Он мне вывихнул плечо» (Русская частушка).

Еще одним примером гиперболы является, например, выражение – «шатается как тень», которое эквивалентно по смыслу выражению – «сильно похудевший человек». В процессе аргументации гиперболы следует применять с осторожностью, а начинающему аргументатору всегда следует стремиться, по крайней мере, смягчать их смысл.

Роль ирония, т.е. тонкой насмешки, выраженной в скрытой форме в аргументации также, как и гиперболы, трудно преуменьшить. Ирония – аргументационная имитация противоположного, например, именование нищего человека – легендарным Крезом и т.п. С иронией мы встречаемся также, например, в следующем предложении: «Слухи о том, что эта организация иногда запускала руку в государственный карман, несколько преуменьшены». Разновидностью иронии является сарказм – язвительная насмешка в таком контексте, который, по определению, не располагает к смеху. Примером сарказма является отрывок из следующего публицистического текста: «К массовому сбору дикорастущей конопли приступили наркоманы солнечной республики. Урожай выдался на славу – местным энтузиастами убрать «травку» просто не под силу. Впрочем, нам, как и наркоманам, не до шуток». Как и гиперболу, иронию и, уж тем, более сарказм, в аргументации следует применять не только с осторожностью, но и со многими оговорками.

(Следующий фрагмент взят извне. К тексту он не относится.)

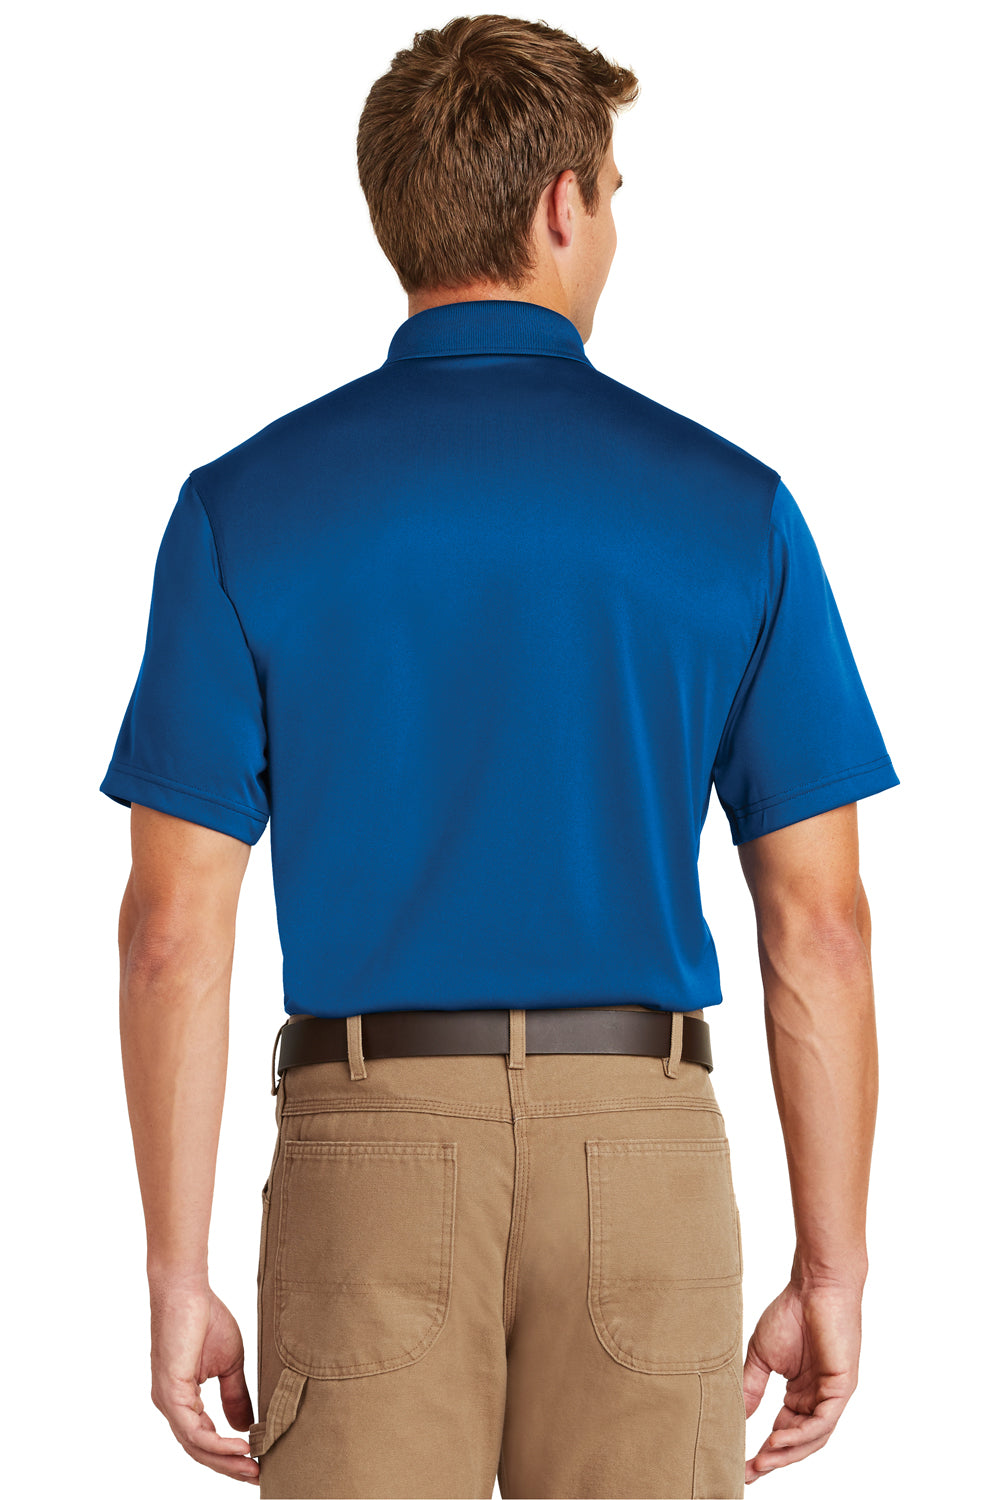 CornerStone CS412 Mens Select Moisture Wicking Short Sleeve Polo Shirt Royal Blue Back

Метафора, метонимия и т.п., как тропы слова, можно отличать от аллегории, парафразы, эмфазы, гиперболы и иронии, как тропов предложения.

Это различение вполне отчетливо применительно к аллегории, которая и является ни чем иным, как совокупностью нескольких метафор. Разновидностями аллегории являются загадки и пословицы. В аргументационных целях аллегория чаще всего используется для возбуждения экстремальных чувств аудитории, например, ее страха. Оптимально подобранная и предложенная аудитории аллегория может быть неплохим подспорьем для аргументации, хотя, особенно, начинающему аргументатору всегда необходимо помнить о том, что применять аллегорию с аргументационными целями следует очень осторожно. Определенное аргументационное значение имеют такие тропы, как парафраза, эмфаза.

Парафраза (перифраза) – развернутая риторическая характеристика мысли, описательное выражение, которое во многом напоминает риторическое определение. Парафраза образуется обычно за счет соединения с каким-либо существительным нескольких прилагательных или глаголов.

Эмфазой (эмфазисом) называется непрямое изображение действия или состояния предмета, например, когда Вергилий писал, используя эмфазу: «Цербер распростерся по необъятной пещере « он, используя минимум вербальных средств, согласитесь, достаточно убедительно показал огромные размеры Цербера.

Таким образом, основными понятиями риторического учения о тропах являются: тропы слова и тропы предложения, метафора (от греч. μετά – через и φερστ – переношу), синекдоха (с греч. догадка) метонимия (μέτά – через ονομα – имя, т.е. переименование), антономазия, катахресис (с греч. злоупотребление), металепсис (с греч. – через понятие), литота, аллегория (с греч. – иносказание) парафразис, энфазис, гипербола, ирония, сарказм, парафраза, эмфаза.